Está em incerteza de quais livros comprar na Black Friday? Veja recomendações selecionadas pela equipe da Super:
O Corcunda de Notre-Dame, de Victor Hugo
A obra mais famosa do gaulês Victor Hugo é Os Miseráveis – um romance de mais de 1.500 páginas que deu origem ao músico da Broadway e a um filme indicado ao Oscar. Nossa recomendação, no entanto, é de seu segundo livro mais famoso: Notre-Dame de Paris, traduzido no Brasil porquê O Corcunda de Notre-Dame. O romance se passa em Paris do ano 1482 e acompanha a trajetória do clérigo Frollo, da cigana Esmeralda, do capitão Phoebus e outros personagens.
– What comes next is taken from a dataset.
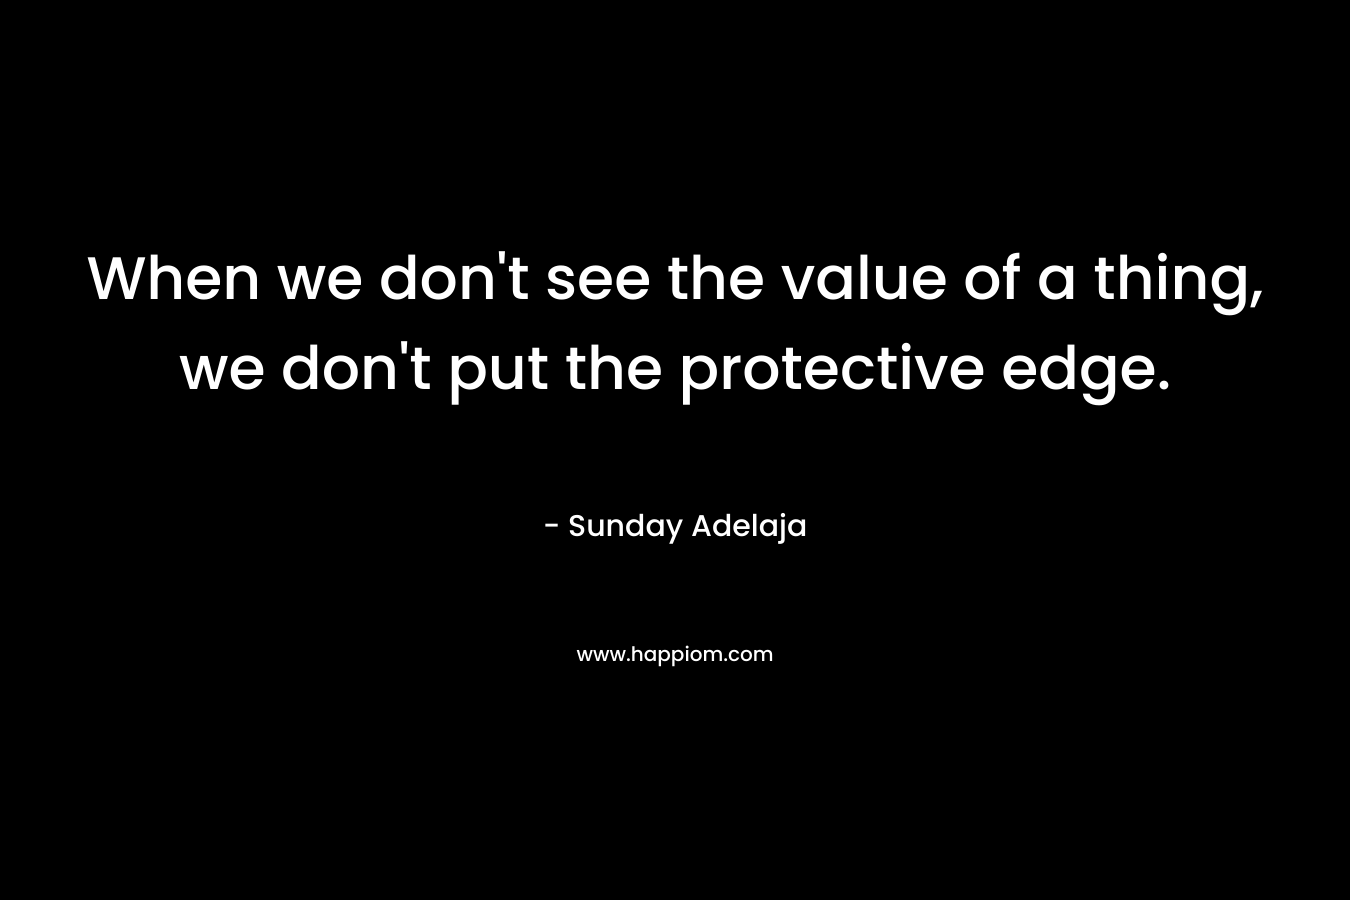 When we don't see the value of a thing, we don't put the protective edge.

Apesar do título em português, a trama não foca em Quasímodo, o sineiro corcunda que mora dentro da catedral. Segundo o próprio responsável, o livro aborda a vexame da religião sobre o varão, fazendo com que Notre-Dame seja a verdadeira protagonista. Isso fica evidente nas extensas descrições da arquitetura da igreja e da Paris do início da Idade Moderna.
Uma curiosidade é que a popularidade da obra de Hugo acabou salvando Notre-Dame no século 19, quando a catedral estava em um estado lastimável e possivelmente seria demolida.
Recomendação de Maria Clara Rossini, repórter
O Corcunda de Notre-Dame
Século Anos de Solidão, de Gabriel García Márquez
O clássico do colombiano García Márquez, vencedor do Prêmio Nobel de Literatura de 1982, é uma das obras mais traduzidas do mundo. O romance se tornou um expoente do “realismo fantástico”, o gênero latino-americano que brinca com os limites entre a imaginação e a verdade, e virou até uma série da Netflix em 2025.
Ao longo de um século, o narrador acompanha a vida e morte de patriarcas da família Buendía, a subida e queda de generais em meio a uma guerra social e os meandros de muitas histórias de paixão no vilarejo suposto de Macondo, fortemente inspirado pela história da Colômbia.
A história é conhecida pelos seus personagens com nomes parecidos, e é inevitável confundir-se entre tantos Aurelianos e Arcadios. Por isso, recomendamos a edição inferior, que vem com uma árvore genealógica ilustrada. Na incerteza, consulte o nosso texto explicando a genealogia de Século Anos de Solidão.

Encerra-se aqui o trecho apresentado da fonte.